→ **WHAT THE TASK REQUIRES**
Reproduce the section of the listing that begins at the line containing "La Tropical, a" and finishes at the line containing "hooker furniture dining". Include both end lines and nothing beyond them.

→ **DATASET**
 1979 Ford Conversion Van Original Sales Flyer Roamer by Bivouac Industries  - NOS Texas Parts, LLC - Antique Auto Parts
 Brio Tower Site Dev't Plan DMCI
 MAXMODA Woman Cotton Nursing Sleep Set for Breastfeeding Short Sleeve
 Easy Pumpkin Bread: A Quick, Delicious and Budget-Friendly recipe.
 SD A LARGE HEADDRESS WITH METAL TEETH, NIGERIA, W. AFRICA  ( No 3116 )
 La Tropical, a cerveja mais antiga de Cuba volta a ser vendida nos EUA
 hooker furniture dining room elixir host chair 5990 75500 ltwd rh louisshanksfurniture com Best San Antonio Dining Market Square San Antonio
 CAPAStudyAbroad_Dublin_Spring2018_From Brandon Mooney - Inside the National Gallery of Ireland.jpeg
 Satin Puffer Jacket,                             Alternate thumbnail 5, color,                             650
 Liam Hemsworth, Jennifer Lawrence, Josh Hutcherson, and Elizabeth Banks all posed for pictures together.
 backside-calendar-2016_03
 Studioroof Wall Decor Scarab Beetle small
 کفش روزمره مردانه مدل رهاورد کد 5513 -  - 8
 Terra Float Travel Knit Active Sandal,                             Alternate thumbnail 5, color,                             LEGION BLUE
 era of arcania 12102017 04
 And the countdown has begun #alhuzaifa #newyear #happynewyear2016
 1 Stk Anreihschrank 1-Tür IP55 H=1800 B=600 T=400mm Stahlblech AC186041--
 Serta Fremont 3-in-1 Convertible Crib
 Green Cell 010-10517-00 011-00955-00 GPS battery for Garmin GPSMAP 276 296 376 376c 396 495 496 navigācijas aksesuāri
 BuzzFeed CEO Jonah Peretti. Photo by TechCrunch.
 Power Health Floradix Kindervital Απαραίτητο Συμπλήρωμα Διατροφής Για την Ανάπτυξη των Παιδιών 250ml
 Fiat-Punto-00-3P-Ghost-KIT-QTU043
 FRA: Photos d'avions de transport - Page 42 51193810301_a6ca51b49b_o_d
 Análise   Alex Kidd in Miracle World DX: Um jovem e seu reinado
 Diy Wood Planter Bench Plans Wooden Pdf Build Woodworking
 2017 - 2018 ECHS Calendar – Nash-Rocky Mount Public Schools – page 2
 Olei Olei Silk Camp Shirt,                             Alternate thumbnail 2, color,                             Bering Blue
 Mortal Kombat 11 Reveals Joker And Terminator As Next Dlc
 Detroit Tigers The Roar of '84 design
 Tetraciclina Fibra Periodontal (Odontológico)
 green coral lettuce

→ **EXERCISE RESULT**
 La Tropical, a cerveja mais antiga de Cuba volta a ser vendida nos EUA
 hooker furniture dining room elixir host chair 5990 75500 ltwd rh louisshanksfurniture com Best San Antonio Dining Market Square San Antonio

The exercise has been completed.